Ironically, Father Conway – who is 73 and lives by himself – said that he had received a Christmas card from Clune only days before the burglary.

The Christmas card was delivered to the Presbytery in Ennis and Father Conway said yesterday: “Michael told me that he thought that the house was empty and didn’t know I lived there.”

Father Conway said that he has known Michael “since he was a young lad and I was disappointed that he would do something like this”.

The assistant priest in Ennis said that he left his home for 25 minutes and returned home to find a concrete block put through the window and glass all over the floor.

On searching the house, Father Conway found Clune hiding in his wardrobe and discovered that €20 was missing.
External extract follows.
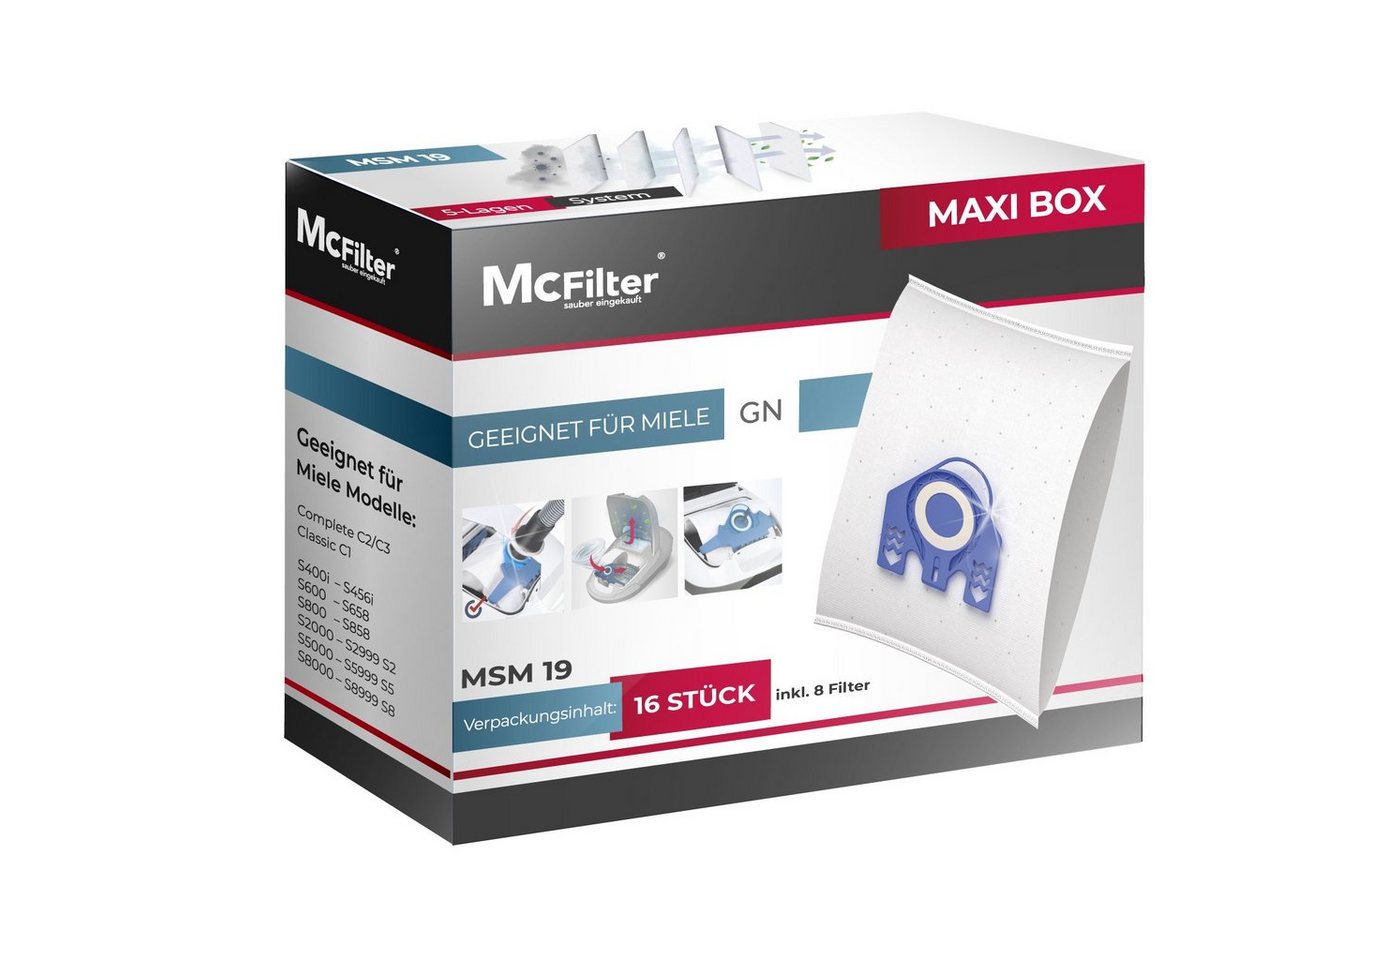 McFilter Staubsaugerbeutel >MAXI BOX< (16+8), passend für Miele Complete C2 Serie Staubsauger, inkl. 8 Filter, 16 St., Top Alternative zu 9917730, wie Miele 10408410 von McFilter

Fatherr Conway said: “I said more or less to Michael ‘I know your family and I know you since you’re a young lad and why would you do that to me?’ He asked me ‘will you drive me down town?’ and I said ‘I will but first you will have to give me my €20 back’”.

The priest said that Clune first denied that he took the €20 “and he started taking off his shoes and socks to prove that he didn’t have in his shoes. He swore by all the Gods in the world that he didn’t take it.”

Father Conway said:

I said either you give me back the money or I take you to the Garda and eventually he did give me the €20.

Father Conway drove Mr Clune into Ennis. Along the way Clune made a request for the priest to buy him methadone.

Father Conway said:

He asked me to buy him methadone and I told him I couldn’t do that.

The priest said that he decided to bring Clune to another local priest who Clune was friendly with.

The priest wasn’t around and Father Conway said that he left Clune “on reasonably good terms” at Ennis’s Cathedral.

However, on advice received, Father Conway reported the incident at the local Garda station resulting in the matter coming before court.

Asked if the incident had made him more anxious living by himself, Father Conway said: “No, no. Not one bit anxious, I would be much more anxious if it was someone I didn’t know.”

In court, Inspector Tom Kennedy said that Clune “has our hearts broken in the Gardai”.

He said: “It is difficult for me to say anything positive about Mr Clune.”

Solicitor for Clune, Tara Godfrey said that “it is a terrible thing that Michael did – the priest finding him in the cupboard”.

She said that Mr Clune is damaged from substance and alcohol abuse and had recently started smoking heroin.

After imposing sentence, Judge Durcan said: “It is up to Mr Clune if he wants to go back to prison or not.”

Addressing Clune, Judge Durcan said: “I hope things work out well for you in prison.”